WORK REQUIRED
Your answer must be every line of the data that holds the string "Cheap".

Dataset entries
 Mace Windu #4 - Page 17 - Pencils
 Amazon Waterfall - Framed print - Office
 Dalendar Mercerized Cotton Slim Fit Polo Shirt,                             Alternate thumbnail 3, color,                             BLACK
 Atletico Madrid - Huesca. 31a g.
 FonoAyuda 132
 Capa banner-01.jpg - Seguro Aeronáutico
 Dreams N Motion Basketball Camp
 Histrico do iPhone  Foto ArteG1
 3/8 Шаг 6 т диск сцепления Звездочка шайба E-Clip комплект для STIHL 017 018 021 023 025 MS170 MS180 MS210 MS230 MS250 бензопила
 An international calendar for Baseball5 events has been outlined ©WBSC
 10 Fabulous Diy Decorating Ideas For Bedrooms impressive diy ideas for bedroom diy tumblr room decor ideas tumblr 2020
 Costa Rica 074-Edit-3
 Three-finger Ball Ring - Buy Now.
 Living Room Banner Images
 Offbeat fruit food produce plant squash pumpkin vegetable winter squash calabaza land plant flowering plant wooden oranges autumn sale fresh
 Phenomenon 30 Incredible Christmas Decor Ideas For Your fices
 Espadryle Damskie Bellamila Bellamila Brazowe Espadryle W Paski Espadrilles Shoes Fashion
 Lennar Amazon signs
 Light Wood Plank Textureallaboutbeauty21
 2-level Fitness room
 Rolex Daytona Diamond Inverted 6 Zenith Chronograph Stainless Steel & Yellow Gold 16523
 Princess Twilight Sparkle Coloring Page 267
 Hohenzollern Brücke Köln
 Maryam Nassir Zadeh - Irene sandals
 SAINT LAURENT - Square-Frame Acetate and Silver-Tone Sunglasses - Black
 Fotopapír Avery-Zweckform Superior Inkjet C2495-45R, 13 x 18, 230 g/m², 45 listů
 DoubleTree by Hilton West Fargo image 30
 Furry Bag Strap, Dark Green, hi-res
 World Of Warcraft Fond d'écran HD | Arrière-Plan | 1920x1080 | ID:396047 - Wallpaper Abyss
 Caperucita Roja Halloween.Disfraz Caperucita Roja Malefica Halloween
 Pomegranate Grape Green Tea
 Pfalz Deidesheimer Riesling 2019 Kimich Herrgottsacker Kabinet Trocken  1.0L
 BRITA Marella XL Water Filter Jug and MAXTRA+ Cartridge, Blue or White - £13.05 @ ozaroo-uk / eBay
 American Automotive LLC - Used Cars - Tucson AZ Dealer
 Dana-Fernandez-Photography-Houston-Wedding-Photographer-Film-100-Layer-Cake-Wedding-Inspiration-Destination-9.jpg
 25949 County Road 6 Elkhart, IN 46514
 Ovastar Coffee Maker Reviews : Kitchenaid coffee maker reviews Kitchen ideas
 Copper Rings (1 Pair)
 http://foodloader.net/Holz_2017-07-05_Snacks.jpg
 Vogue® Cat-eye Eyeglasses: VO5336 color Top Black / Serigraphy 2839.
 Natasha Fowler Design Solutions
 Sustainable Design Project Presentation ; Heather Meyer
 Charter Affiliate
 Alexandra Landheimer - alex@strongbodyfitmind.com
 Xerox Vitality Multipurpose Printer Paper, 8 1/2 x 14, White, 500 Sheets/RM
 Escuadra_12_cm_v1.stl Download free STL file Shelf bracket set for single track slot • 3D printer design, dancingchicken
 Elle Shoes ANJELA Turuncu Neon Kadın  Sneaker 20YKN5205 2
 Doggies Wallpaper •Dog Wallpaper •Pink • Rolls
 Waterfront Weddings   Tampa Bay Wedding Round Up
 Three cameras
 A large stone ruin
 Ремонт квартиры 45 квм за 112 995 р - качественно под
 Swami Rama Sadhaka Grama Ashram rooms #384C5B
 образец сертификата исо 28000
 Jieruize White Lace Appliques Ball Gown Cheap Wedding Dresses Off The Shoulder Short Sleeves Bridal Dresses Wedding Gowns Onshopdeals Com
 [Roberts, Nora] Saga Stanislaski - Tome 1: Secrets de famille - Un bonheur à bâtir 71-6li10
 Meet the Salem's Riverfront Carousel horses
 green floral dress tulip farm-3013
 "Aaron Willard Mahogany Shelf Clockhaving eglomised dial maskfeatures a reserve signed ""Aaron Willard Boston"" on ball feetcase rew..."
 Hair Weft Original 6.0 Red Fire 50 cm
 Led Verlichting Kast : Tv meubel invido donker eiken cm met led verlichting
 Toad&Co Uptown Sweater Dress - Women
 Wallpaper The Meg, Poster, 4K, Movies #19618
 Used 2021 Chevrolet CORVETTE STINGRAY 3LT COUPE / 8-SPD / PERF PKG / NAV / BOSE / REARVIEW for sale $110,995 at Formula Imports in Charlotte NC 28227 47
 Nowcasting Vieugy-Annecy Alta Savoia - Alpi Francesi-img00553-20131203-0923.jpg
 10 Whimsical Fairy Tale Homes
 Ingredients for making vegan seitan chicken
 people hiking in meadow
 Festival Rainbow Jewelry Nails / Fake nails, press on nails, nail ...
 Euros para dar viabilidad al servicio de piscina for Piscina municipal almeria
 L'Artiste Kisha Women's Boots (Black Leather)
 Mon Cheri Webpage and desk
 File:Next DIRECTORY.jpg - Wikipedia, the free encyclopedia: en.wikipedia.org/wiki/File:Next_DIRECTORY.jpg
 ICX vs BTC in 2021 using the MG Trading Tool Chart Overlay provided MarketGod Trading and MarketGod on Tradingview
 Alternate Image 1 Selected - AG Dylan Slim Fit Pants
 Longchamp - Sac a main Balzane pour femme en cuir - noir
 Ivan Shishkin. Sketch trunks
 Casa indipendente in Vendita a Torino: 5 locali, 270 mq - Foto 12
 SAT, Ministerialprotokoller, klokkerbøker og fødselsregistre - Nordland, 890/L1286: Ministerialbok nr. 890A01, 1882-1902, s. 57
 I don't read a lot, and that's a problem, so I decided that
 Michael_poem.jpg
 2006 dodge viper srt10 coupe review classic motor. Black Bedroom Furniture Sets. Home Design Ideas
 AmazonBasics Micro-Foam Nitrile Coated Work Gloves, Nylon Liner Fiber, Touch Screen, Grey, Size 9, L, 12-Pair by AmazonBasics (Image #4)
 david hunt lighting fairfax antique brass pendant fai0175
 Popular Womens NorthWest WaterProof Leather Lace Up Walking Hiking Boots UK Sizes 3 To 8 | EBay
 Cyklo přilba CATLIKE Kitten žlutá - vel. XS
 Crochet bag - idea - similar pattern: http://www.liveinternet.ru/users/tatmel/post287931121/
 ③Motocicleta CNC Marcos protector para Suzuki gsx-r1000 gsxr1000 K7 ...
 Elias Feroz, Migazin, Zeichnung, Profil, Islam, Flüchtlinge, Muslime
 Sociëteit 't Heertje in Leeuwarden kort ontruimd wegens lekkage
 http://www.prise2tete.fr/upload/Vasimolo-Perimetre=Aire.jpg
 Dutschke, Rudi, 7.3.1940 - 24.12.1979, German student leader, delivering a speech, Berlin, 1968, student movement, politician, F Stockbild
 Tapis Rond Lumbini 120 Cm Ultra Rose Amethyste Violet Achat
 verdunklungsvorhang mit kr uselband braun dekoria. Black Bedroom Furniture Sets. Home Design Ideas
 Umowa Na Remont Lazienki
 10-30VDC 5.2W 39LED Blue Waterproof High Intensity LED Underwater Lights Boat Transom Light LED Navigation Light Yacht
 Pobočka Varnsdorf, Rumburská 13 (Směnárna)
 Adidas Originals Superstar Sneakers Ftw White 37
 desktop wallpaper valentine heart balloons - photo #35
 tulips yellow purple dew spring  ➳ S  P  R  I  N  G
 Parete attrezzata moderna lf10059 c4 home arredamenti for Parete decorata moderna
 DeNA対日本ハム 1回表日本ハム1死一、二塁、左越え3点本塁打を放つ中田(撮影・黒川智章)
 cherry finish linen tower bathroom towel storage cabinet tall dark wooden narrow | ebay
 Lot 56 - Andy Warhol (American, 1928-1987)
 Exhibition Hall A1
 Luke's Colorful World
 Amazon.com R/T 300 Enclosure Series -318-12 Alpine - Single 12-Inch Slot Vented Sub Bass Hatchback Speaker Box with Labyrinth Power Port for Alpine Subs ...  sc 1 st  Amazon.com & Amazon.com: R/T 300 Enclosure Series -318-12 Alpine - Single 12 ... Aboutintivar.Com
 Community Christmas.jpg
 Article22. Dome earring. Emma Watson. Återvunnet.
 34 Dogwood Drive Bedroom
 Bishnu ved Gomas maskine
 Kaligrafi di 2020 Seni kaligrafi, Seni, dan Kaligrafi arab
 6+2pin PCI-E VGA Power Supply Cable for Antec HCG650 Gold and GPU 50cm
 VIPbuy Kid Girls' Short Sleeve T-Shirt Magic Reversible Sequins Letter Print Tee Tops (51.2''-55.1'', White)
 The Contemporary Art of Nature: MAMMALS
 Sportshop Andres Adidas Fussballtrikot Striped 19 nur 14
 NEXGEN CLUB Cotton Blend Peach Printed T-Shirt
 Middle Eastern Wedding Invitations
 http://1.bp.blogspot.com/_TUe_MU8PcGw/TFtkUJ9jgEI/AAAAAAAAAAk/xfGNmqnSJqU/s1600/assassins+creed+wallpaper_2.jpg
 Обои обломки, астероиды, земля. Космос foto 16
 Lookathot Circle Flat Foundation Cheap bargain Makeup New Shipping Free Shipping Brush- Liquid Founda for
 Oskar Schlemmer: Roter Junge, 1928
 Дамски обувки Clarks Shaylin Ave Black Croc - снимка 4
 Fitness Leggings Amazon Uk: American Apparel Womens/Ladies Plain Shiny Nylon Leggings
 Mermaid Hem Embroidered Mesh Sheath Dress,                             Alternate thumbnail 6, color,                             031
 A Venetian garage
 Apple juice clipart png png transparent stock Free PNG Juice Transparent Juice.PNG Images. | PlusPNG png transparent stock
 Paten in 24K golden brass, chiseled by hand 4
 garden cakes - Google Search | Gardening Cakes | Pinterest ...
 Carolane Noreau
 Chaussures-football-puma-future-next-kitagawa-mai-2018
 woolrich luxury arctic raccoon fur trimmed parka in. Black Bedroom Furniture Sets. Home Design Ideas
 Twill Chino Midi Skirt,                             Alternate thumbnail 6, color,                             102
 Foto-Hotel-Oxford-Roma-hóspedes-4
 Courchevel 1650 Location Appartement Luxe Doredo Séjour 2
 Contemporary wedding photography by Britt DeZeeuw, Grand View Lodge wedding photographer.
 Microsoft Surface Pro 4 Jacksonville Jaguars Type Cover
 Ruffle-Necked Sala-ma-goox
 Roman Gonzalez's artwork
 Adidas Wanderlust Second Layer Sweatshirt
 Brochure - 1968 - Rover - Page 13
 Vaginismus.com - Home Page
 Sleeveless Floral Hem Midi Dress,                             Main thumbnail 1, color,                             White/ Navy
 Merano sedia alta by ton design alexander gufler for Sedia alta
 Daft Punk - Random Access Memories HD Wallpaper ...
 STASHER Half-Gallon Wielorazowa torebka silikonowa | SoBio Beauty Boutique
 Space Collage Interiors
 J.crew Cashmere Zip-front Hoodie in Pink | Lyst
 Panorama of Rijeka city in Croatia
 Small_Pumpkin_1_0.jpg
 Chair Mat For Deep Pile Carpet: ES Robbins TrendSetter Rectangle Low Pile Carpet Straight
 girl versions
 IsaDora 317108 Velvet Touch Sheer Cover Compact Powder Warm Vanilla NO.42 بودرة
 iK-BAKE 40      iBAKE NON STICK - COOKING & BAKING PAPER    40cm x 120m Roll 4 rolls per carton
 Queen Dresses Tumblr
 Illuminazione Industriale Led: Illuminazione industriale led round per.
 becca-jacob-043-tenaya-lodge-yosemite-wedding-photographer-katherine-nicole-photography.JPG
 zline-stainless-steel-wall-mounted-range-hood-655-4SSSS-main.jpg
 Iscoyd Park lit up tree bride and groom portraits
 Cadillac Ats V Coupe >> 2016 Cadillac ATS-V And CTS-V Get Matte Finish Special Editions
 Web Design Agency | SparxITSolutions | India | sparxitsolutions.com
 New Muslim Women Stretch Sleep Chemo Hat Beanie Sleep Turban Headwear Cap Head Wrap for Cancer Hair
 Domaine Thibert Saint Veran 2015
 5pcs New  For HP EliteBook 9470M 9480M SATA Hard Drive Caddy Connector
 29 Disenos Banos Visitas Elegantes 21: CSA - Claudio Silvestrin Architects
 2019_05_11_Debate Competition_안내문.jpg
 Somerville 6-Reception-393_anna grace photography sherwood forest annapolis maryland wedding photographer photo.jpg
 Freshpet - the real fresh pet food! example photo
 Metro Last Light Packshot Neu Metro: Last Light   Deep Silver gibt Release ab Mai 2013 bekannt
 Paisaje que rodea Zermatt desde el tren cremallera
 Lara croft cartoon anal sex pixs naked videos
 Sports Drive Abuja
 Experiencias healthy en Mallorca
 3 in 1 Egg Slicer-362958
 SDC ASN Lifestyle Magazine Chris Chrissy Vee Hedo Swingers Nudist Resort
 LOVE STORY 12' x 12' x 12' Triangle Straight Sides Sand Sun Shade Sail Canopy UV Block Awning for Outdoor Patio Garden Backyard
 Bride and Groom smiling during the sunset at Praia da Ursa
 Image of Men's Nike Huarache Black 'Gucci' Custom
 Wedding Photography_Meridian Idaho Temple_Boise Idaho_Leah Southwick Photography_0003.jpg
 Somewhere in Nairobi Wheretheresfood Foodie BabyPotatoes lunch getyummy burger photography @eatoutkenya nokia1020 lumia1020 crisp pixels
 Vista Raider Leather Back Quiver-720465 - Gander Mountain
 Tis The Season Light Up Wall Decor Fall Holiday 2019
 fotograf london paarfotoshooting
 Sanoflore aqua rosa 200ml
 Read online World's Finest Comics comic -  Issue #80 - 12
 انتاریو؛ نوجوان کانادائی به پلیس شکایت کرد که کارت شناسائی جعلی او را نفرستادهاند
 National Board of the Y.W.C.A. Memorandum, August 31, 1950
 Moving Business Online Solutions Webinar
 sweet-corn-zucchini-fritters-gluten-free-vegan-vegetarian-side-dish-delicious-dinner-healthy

SOLVED EXERCISE
 Jieruize White Lace Appliques Ball Gown Cheap Wedding Dresses Off The Shoulder Short Sleeves Bridal Dresses Wedding Gowns Onshopdeals Com
 Lookathot Circle Flat Foundation Cheap bargain Makeup New Shipping Free Shipping Brush- Liquid Founda for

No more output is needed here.